With Things to Come, the great Mia Hansen-Løve is earning some of her best reviews in years, and, along with Paul Verhoeven’s Elle, it represents a banner year for her star, Isabelle Huppert. As is (fortunately0 to be expected of a meditative, lovingly shot French drama, the film’s been given U.S. distribution courtesy of Sundance Selects — and with it arriving at the end of this year, there is now a trailer.
Whatever the preview sells you, trust us when we say Things to Come is worth anticipation. As was written in our review from earlier this year, “While Hansen-Løve certainly deserves credit for writing such a compelling character, it’s difficult to imagine anyone realizing Nathalie as consummately as Huppert, who, even by her exceptionally high standards, pulls off a superlative performance. Having been so steadfast in her certainty, Nathalie experiences her world’s collapse by degrees, and Huppert is somehow able to simultaneously express her lingering conviction that everything will be fine and a latent sorrow, one which only breaks through on a few occasions.”
See the preview below:
What happens when the life you’ve worked so hard to build falls apart all at once?
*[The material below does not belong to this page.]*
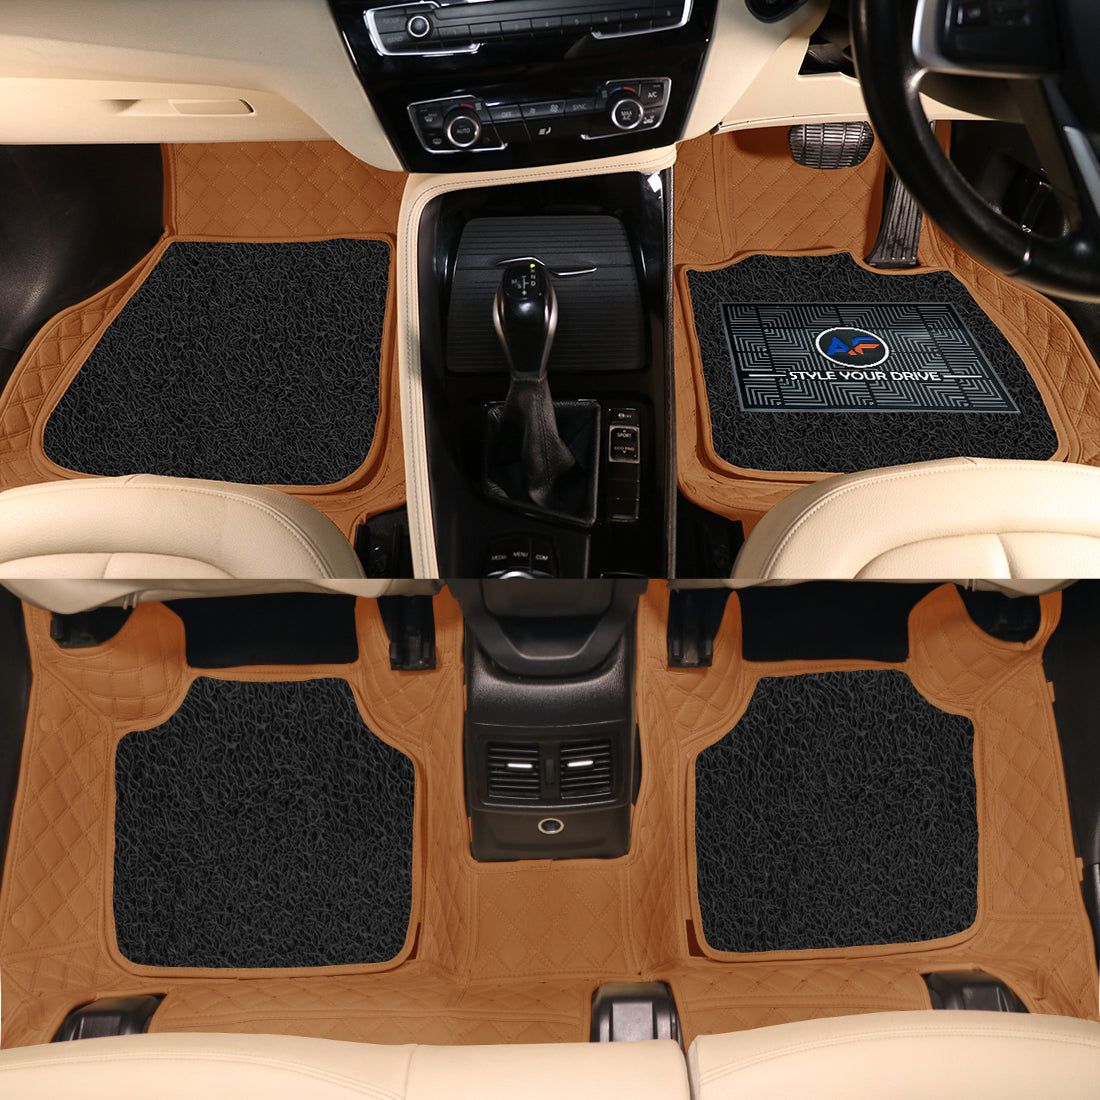 Porsche Macan 2019 7D Luxury Car Mat, All Weather Proof, Anti-Skid, 100% Waterproof & Odorless with Unique Diamond Fish Design (24mm Luxury PU Leather, 2 Rows)
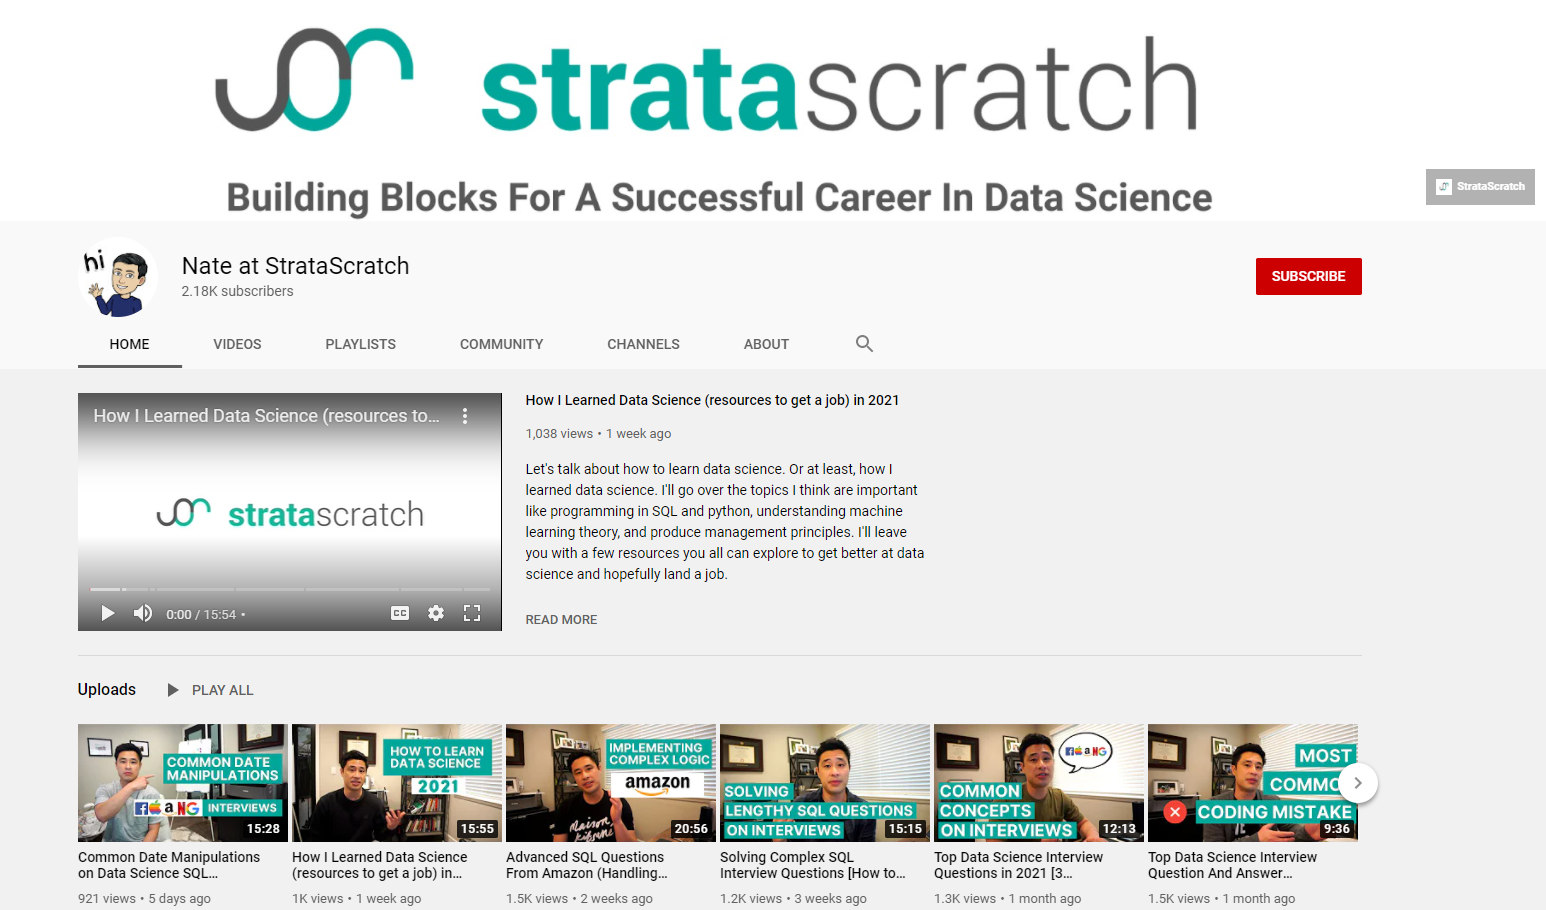 stratascratch youtube channel for data science questions

Nathalie (Isabelle Huppert, in a radiant performance) is a philosophy teacher with a seemingly settled existence, juggling a rich life of the mind with the day-to-day demands of career and family (including frequent visits to her drama queen mother, played by the legendary Édith Scob). But beginning with the bombshell revelation that her husband of twenty-five years is leaving her, one by one the pillars of Nathalie’s life start to crumble. For the first time in ages, she finds herself adrift, but also with a newfound sense of liberation. With nothing to hold her back, Nathalie sets out to define this new phase of her life and to rediscover herself. Winner of the Best Director award at the 2016 Berlin International Film Festival, the new film from Mia Hansen-Løve (Eden) is an uncommonly intelligent, soul-searching look at what it means to create a life of one’s own.
Things to Come will begin its U.S. release on December 2.